Был праздник сбора земляники — первое крупное событие лета, на который собирались все. Многие не видели друг друга с тех пор, как выпал первый снег, и теперь были рады поболтать, укрывшись от солнцепека в тени вязов. Стайка ребятишек неслась по дороге навстречу фургону и теперь, догнав его, выкрикивала что-то мистеру Хостеттеру. А те, кто еще не умел бегать, ждали его у края дороги: девочки в пышных юбочках и мальчики — точные копии отцов, во всем домотканом и широкополых коричневых шляпах. Затем процессия двинулась наперерез фургону, который все замедлял и замедлял ход и наконец остановился. Шесть откормленных лошадей трясли мордами и храпели, будто гордились тем, что это они притащили фургон. Мистер Хостеттер суетился и улыбался, какой-то мальчуган вскарабкался к нему и подал полное до краев блюдо земляники.
Лен и Исо оставались на своих местах, на расстоянии наблюдая за происходящим. Лену очень хотелось остаться незамеченным отчасти из-за украденного радио, отчасти ему неловко было осознавать, что они почти друзья, и он знает секрет мистера Хостеттера. Одним словом, встречаться с ним Лену не хотелось.
— Когда ты собираешься сделать это? — спросил Лен.
— Посмотрим.
Исо пристально наблюдал за фургоном. С тех пор, как мальчики нашли подход к радио, Исо странным образом изменился: стал замкнутым, почти избегал Лена, иногда даже не замечал его.
— Я пойду туда, — сказал однажды Исо, имея в виду Барторстаун, и с тех пор терпеливо ждал приезда Хостеттера.
Исо схватил Лена за руку, больно стиснув ее:
— Разве ты не хочешь пойти со мной?
Лен опустил голову. Он постоял с минуту молча, затем сказал:
— Нет, я не могу, — и отстранился от него, — не сейчас.
— Тогда в следующем году. Я расскажу ему о тебе.
— Посмотрим.
Исо хотел сказать что-то еще, но, казалось, не мог подобрать слов. Лен отошел. Он быстро поднимался по крутому берегу, вначале медленно, затем все быстрее и быстрее, почти бегом. По щекам текли горячие слезы, что-то внутри кричало: “Трус, трус, он уйдет в Барторстаун, а ты побоишься и навсегда останешься в этой дыре!” Лен ни разу не оглянулся.
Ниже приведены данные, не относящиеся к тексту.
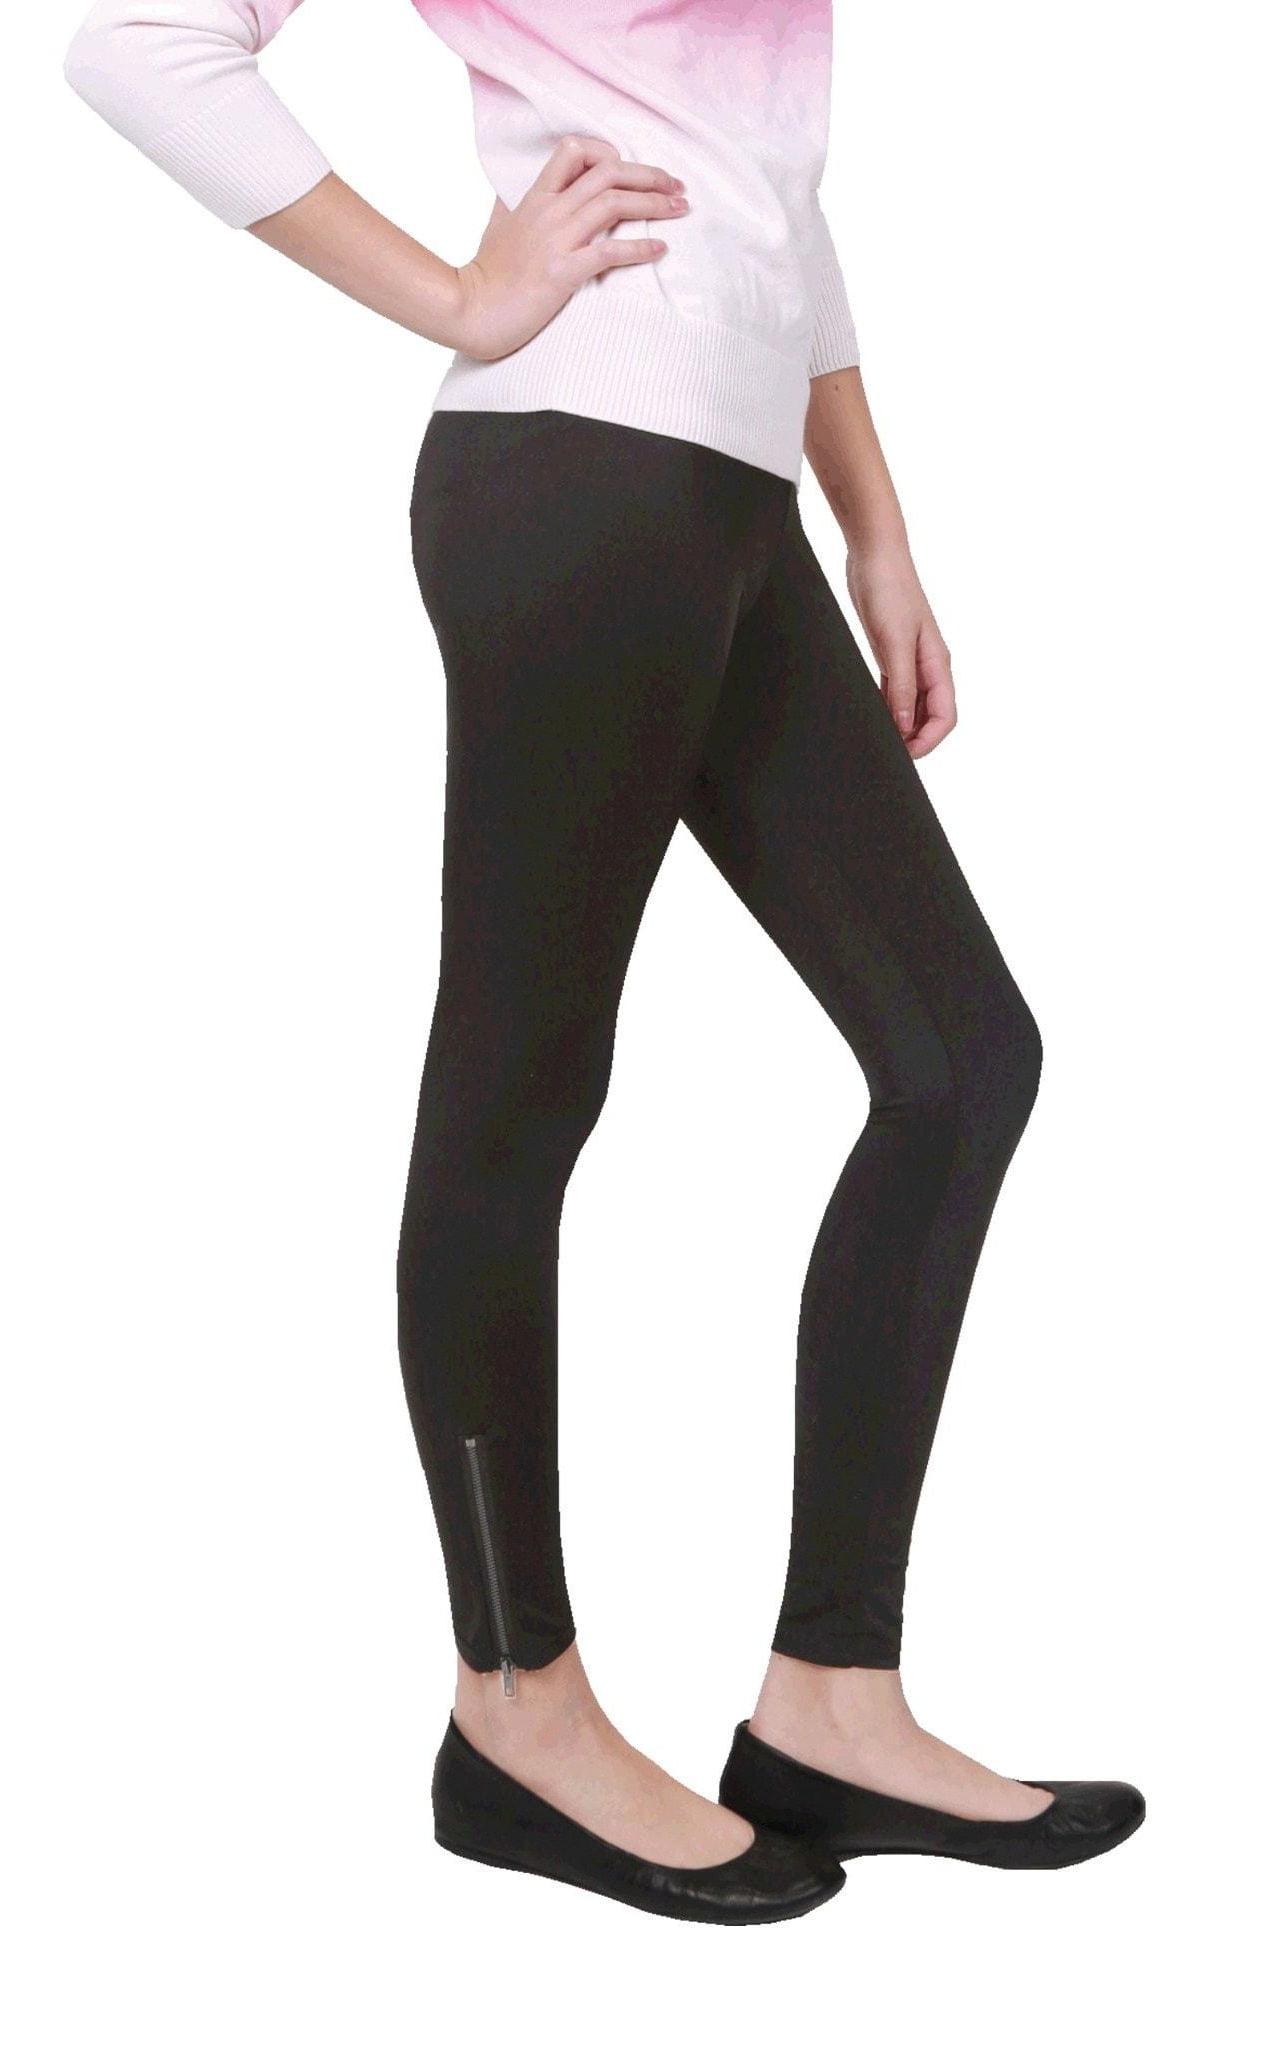 MeMoi Ankle Zip Leggings Buy Girls Leggings

Мистер Хостеттер провел в Пайперс Ране три дня. Это были самые тяжелые и долгие дни в жизни Лена.
“Ты еще не можешь уйти, — настойчиво твердил он себе. — Мать будет плакать, а отец винить себя, я не хочу делать родителей несчастными”. Но неотвязная мысль последовать за Исо не покидала Лена.
Обремененный своей тайной, Лен выполнял обычную работу спустя рукава. Он не отходил от дома, лес и поле больше не манили его. Мать принялась лечить его лавровым чаем. А Лен все время с напряжением прислушивался, не раздастся ли цокот копыт по дороге, он ждал, что приедет дядя Дэвид с вестью о пропаже Исо.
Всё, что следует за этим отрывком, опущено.